This is an old revision of the document!

Compactness Theorem for Propositional Logic

Among the application of compactness theorem is showing that certain theorem proving methods are “complete in the limit”.

Notation:

${\cal B} = \{ \mbox{false},\mbox{true} \}$
$V$ is the countably infinite set of all propositional variables of interest
interpretation $I : V \to {\cal B}$ maps propositional variables $V$ to truth values ${\cal B}$
if $F$ is a propositional formula, $I \models F$ means that $F$ is true when the variables are interpreted according to $I$
if $S$ is a set of formulas, $I \models S$ means: for each $F \in S$ , $I \models F$

Theorem (Compactness Theorem for Propositional Logic): Let $S$ be a (possibly infinite) set of propositional formulas. Then $S$ is satisfiable if and only if every finite subset of $S$ is satisfiable.

Equivalent statement of compactness: If a set $S$ is not satisfiable, then some finite subset of $S$ is not satisfiable.

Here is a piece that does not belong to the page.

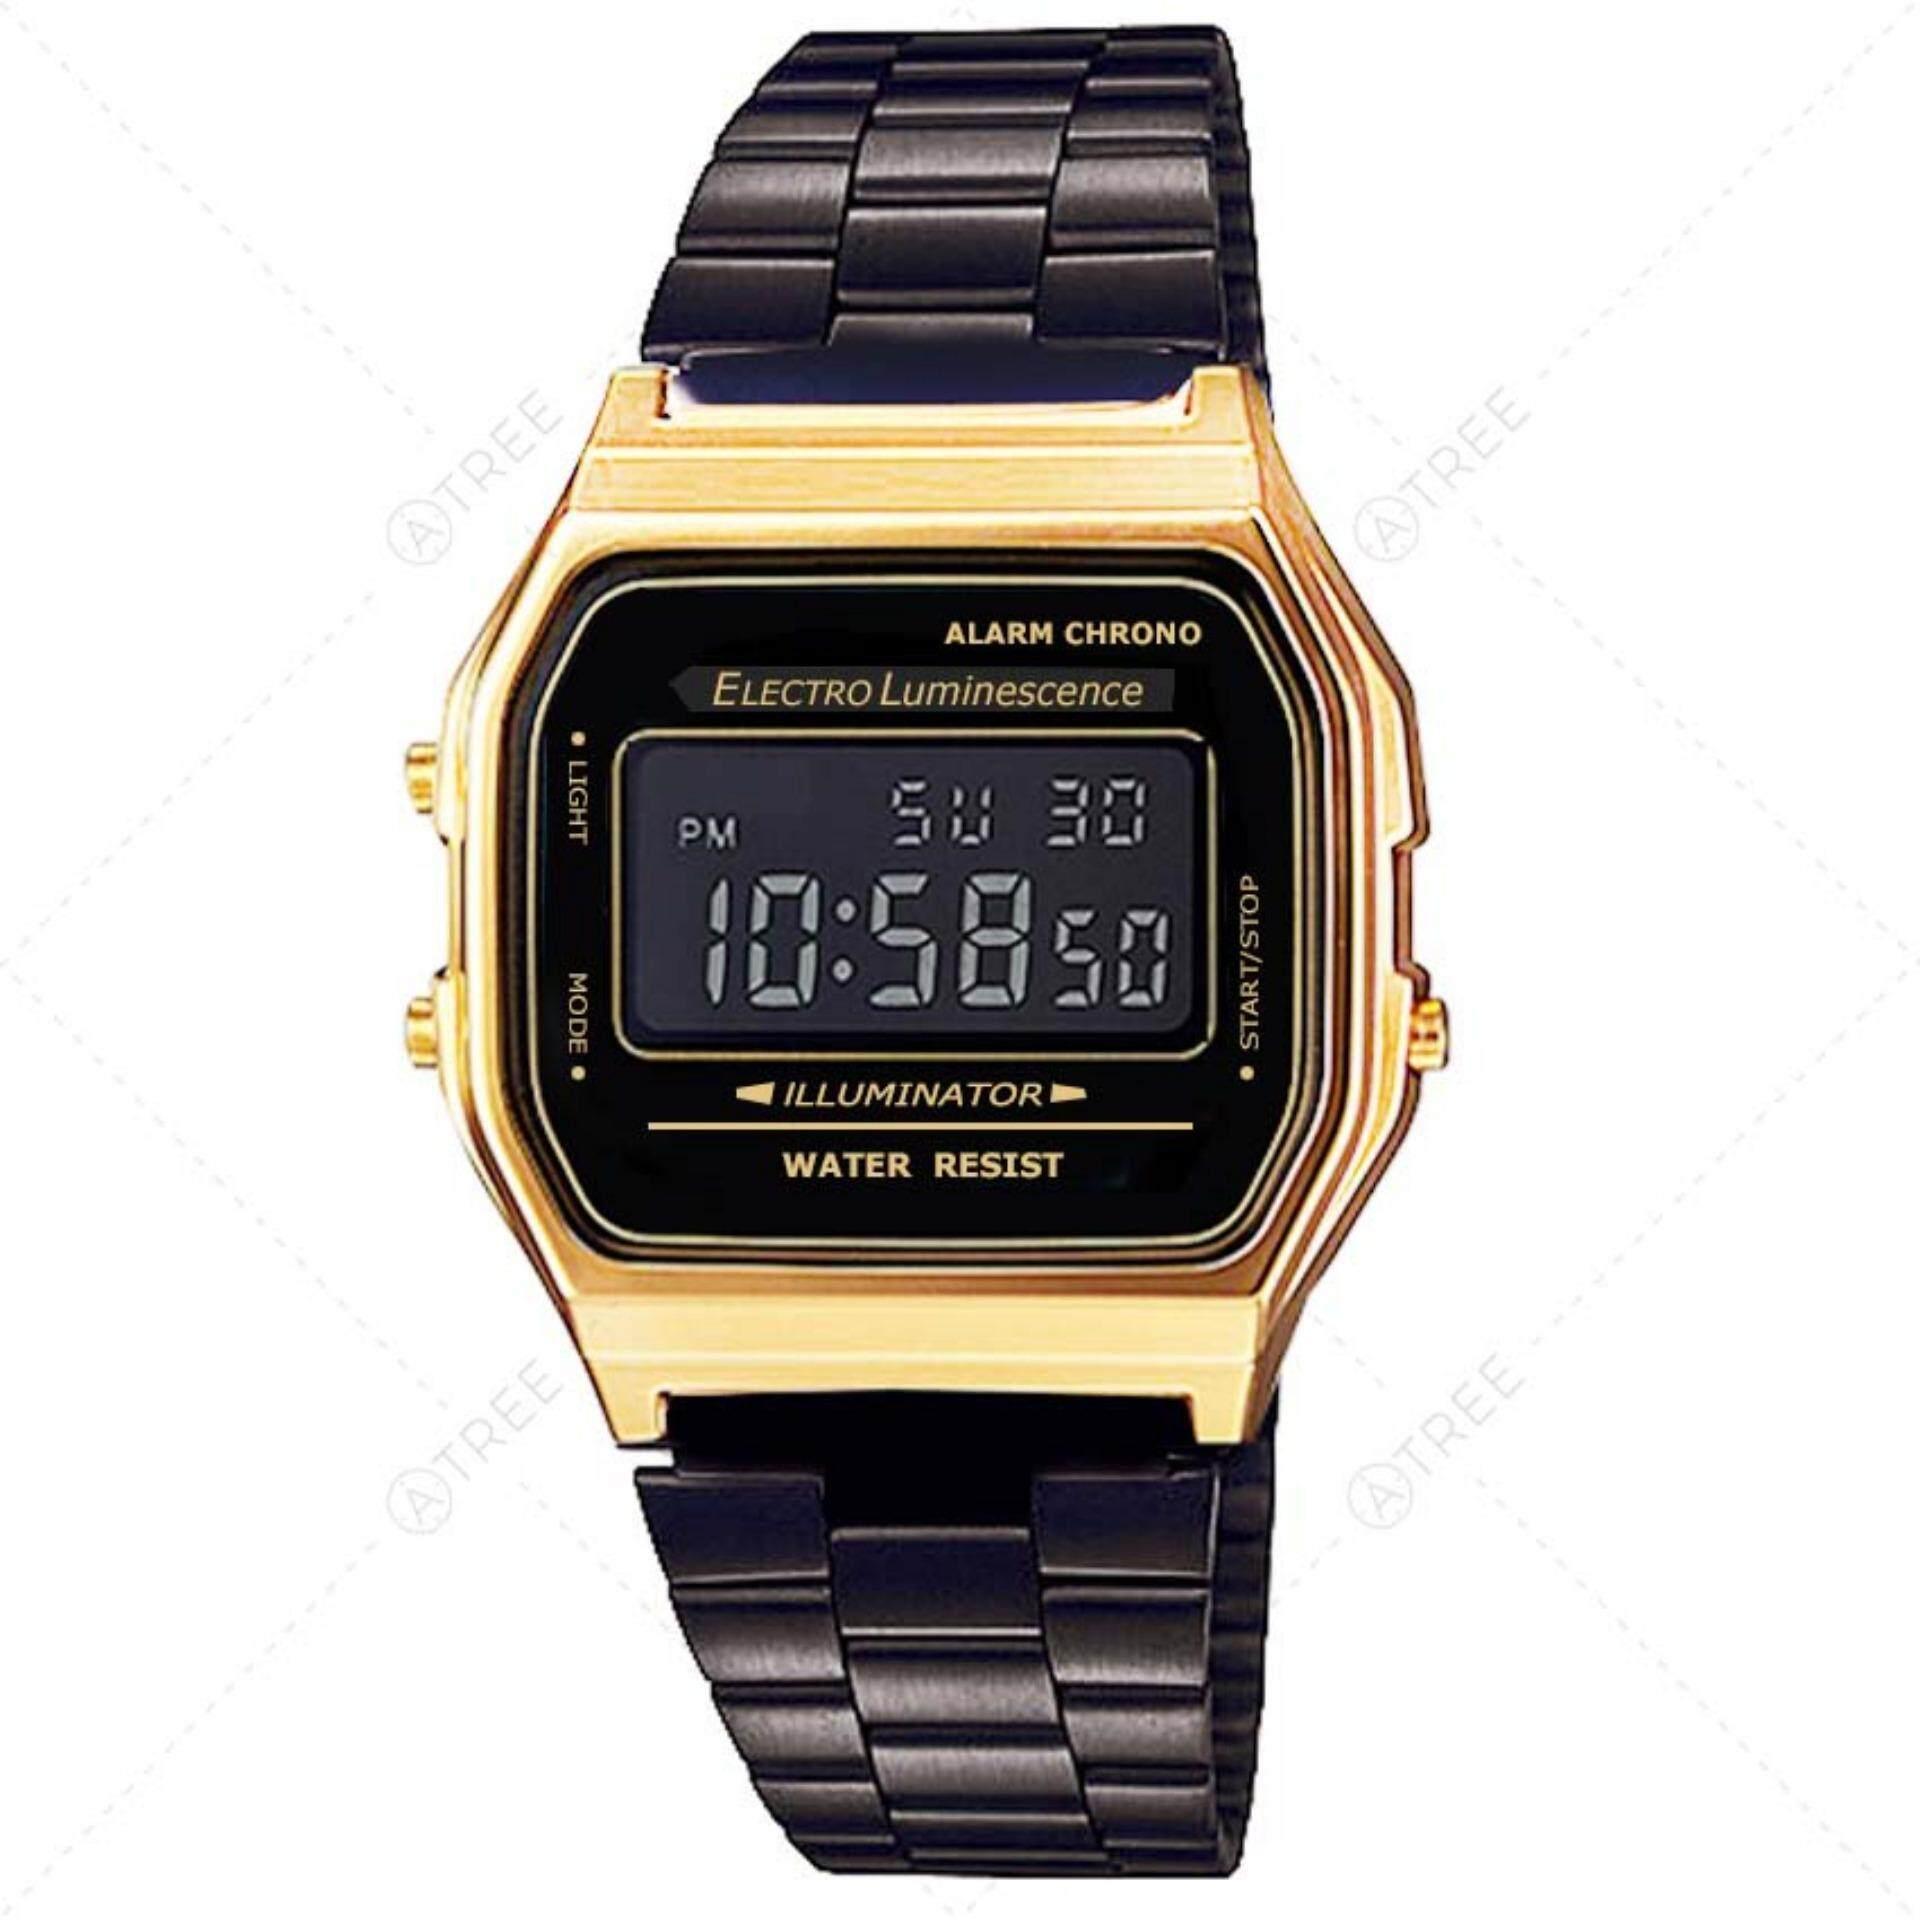 ซื้อ S Watch นาฬิกาข้อมือ สไตล์ Digital Watch Watch ดูวันที่ จับเวลา ตั้งปลุก ได้ สายสแตนเลสสีดำ รุ่น Zd 0041 สีดำ หน้าปัดทอง Black ถูก ใน กรุงเทพมหานคร

If we allow infinite disjunctions in formulas, compactness fails. Note that we do not consider formulas with infinite connectives as propositional formulas (such formulas are usually called 'infinitary'), and from that reason the compactness theorem does not apply to this example.

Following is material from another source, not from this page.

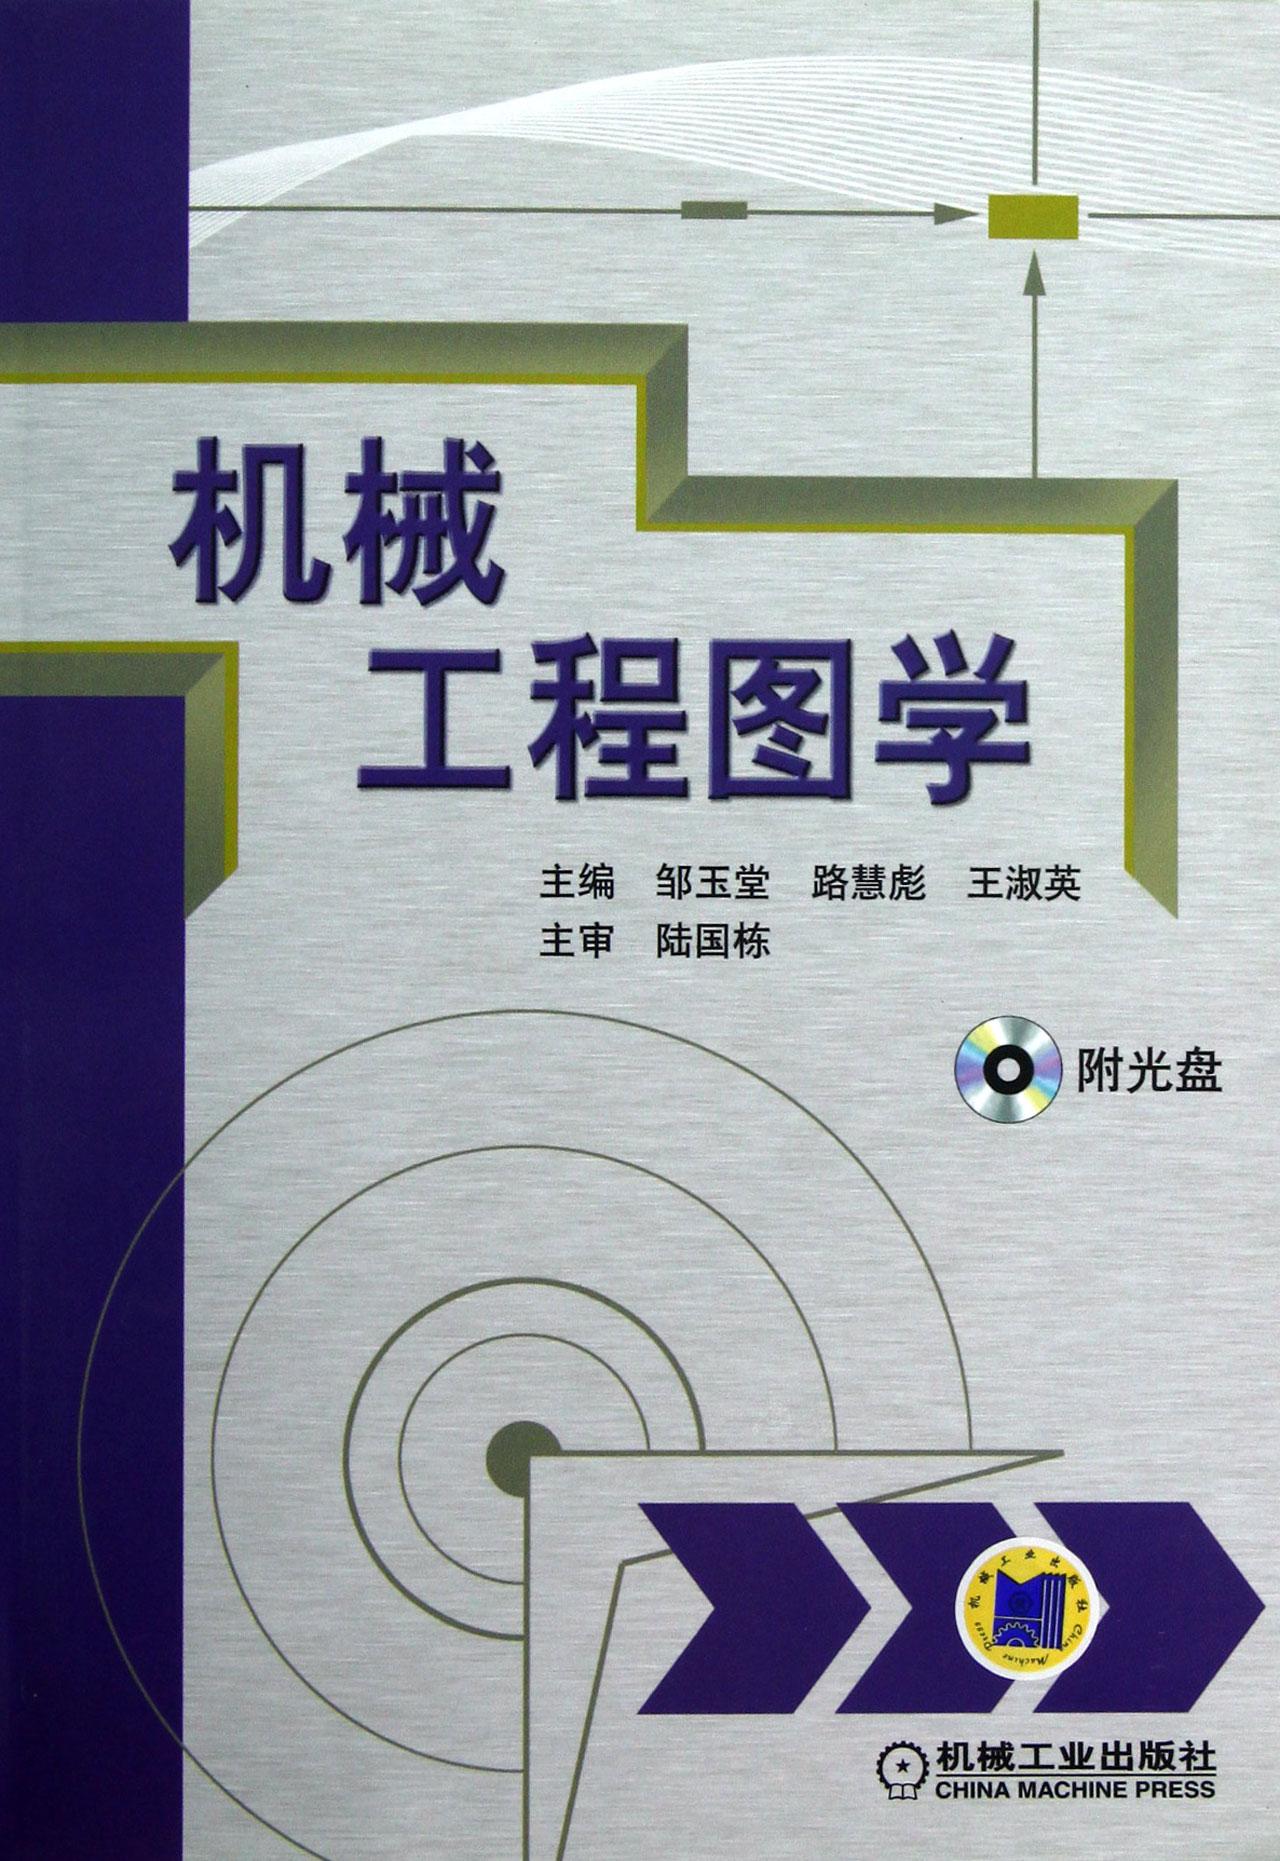 机械工业 机械设计

Example. $S = \{ D, p_1, p_2, p_3, \ldots \}$ where $D = \bigvee\limits_{i=1}^{\infty} \lnot p_i$ , that is, $D$ is equivalent to $\exists i \ge 0. \lnot p_i$ . In this example, every finite subset of $S$ is satisfiable, but $S$ itself is not.

Proof of the compactness theorem: One direction is trivial: if $S$ is satisfiable then there exists $I$ such that $I \models S$ . Then for every finite subset $T \subseteq S$ we have $I \models T$ , so $T$ is satisfiable. We need to show the converse.

Intuition: A finitely satisfiable set has “all finite pieces” satisfiable (using potentially different interpretations). The question is whether we can somehow assemble interpretations for all finite pieces $T$ into one large interpretation for the entire infinite set $S$ . We will define such interpretation by extending it variable by variable, while preserving finite satisfiability for interepretations that begin with values for propositional variables chosen so far.

Let $S$ be finitely satisfiable. Let $V = \{ p_1,p_2,\ldots \}$ be the sequence of all propositional variables for formulas in $S$ (this set is countable by our assumption on Propositional Logic Syntax, but can be infinite).

Given a sequence of boolean values $u_1,u_2,\ldots,u_n \in {\cal B}$ of length $n \ge 0$ , by an $u_1,u_2,\ldots,u_n$ -interpretation we mean an interpretation $I : V \to {\cal B}$ such that $I(p_1)=u_1,\ldots,I(p_n)=u_n$ .

We will define interpretation $I^*(p_k) = v_k$ where the sequence of values $v_1,v_2,\ldots$ is given as follows: \[

  v_{k+1} = \left\{\begin{array}{l}

{\it false}, \mbox{ if for every finite } T \subseteq S, \mbox{ there exists a } v_1,\ldots,v_k,{\it false}-\mbox{interpretation } I \mbox{ such that } I \models T
{\it true}, \mbox{otherwise} \] We next show by induction the following.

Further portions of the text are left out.